Gradient Descent
Table of Contents
- an iterative optimization algorithm used to minimize a function (see loss).
- speaking briefly:
- we start at a random point on the parameter-space vs loss contour
- then we step down the hyper-hill, trying to avoid getting stuck in local hyper-troughs, repeating until we can report convergence when we reach a satisfactory (usually) hyper-valley
- note that we actually can't see the hyper-hill and need to calculate the loss everytime we step somewhere, akin to hiking in the dark.
- the parameter-space step size is controllable via a hyper-parameter -> the learning rate
- when working with a convex optimization criterion, we're sure to find a global minimum. Whereas a settlement might be necessary with complex contours.
1. Impovements
1.1. Stochastic Gradient Descent (SGD)
Computing the actual loss for all of the training data can be very slow and doing so using stochastically selected smaller batches leads to the idea of stochastic gradient descent.
1.2. Adagrad
This scales the learning rate individually for each parameter (ADAptive GRADient descent) according to the history of gradients.
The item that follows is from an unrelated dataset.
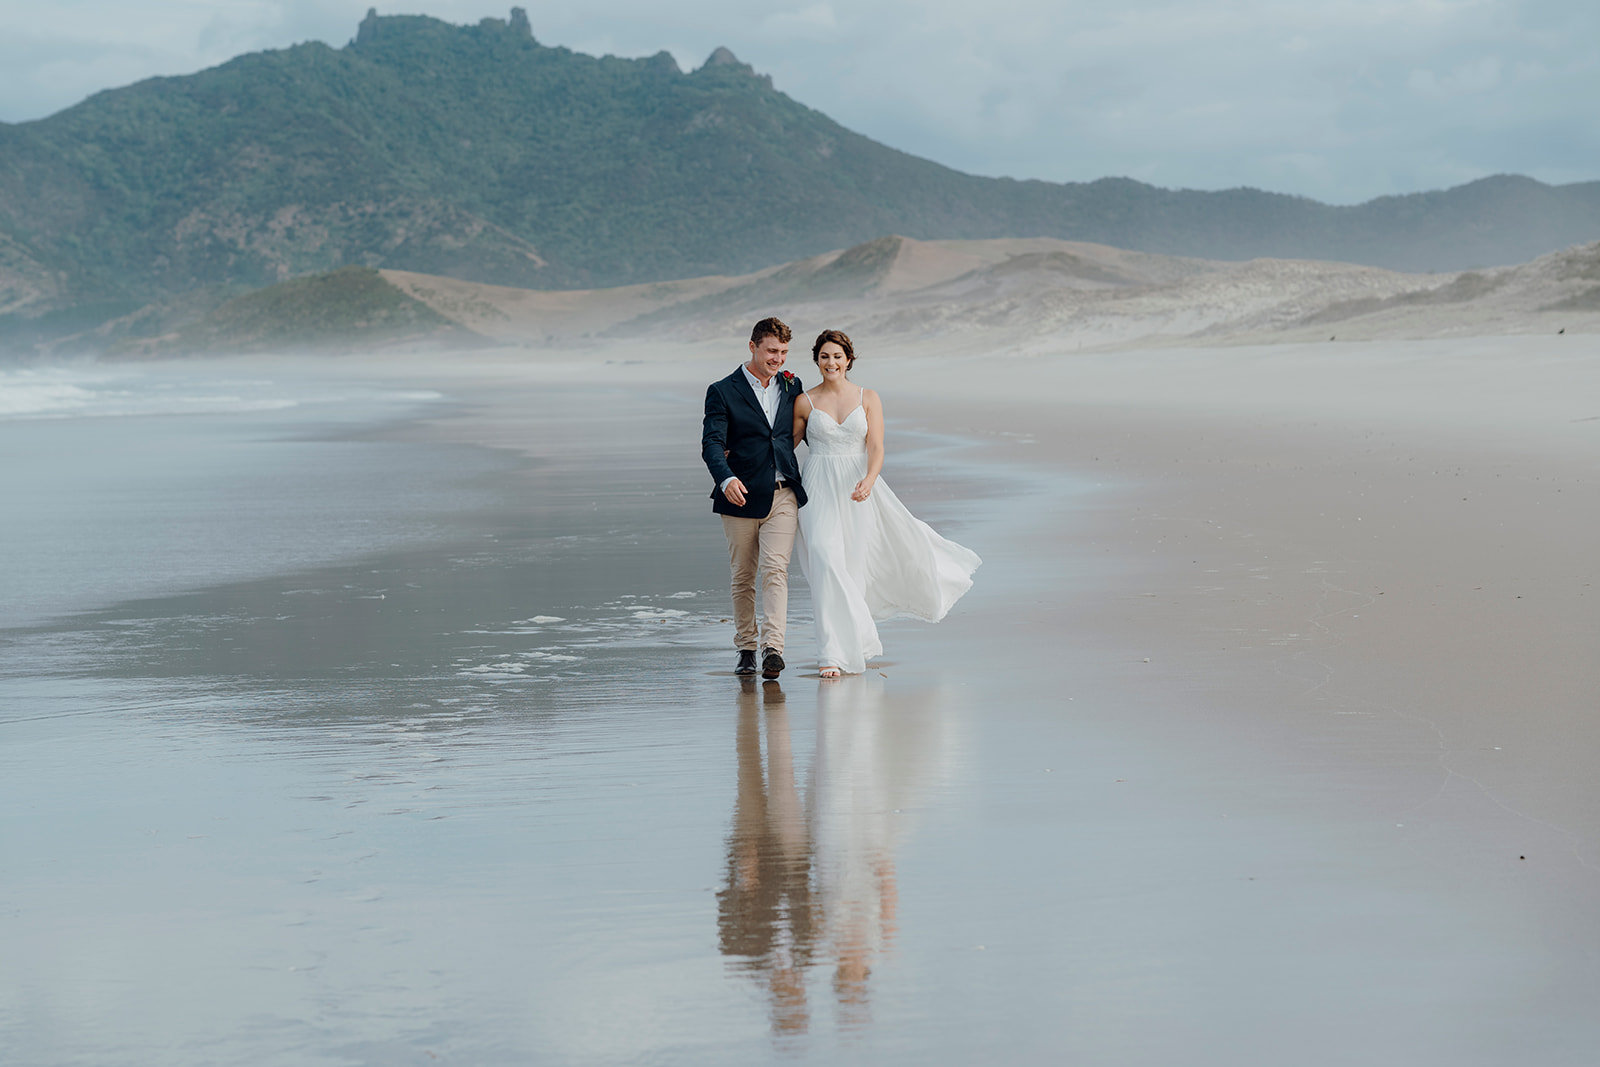 A bride and groom walking along a white sand beach with mountains in the background during their wedding photoshoot with Waikato Wedding Photographer Haley Adele Photography

- the learning rate is smaller for large gradients and larger for smaller gradients as a consequence.
1.3. Momentum
Accelerate SGD by retaining a sense of past gradients to impart some inertia to the optimizatio process
- helps deals with oscillations and move more meaningfully
1.4. RMSProp (Root Mean Square Propagation):
RMSProp (like Adagrad) adapts the learning rate for each parameter based on the past gradients, helping to stabilize and speed up the training process.
- note that RMSprop is an improvement over Adagrad and deals with the diminishing learning rate issue.
- read more at this wikipedia page
1.5. Adam (Adaptive Moment Estimation):
Adam combines the benefits of momentum and RMSProp, using both past gradients and their magnitudes to adjust learning rates, making it a versatile and efficient optimization algorithm.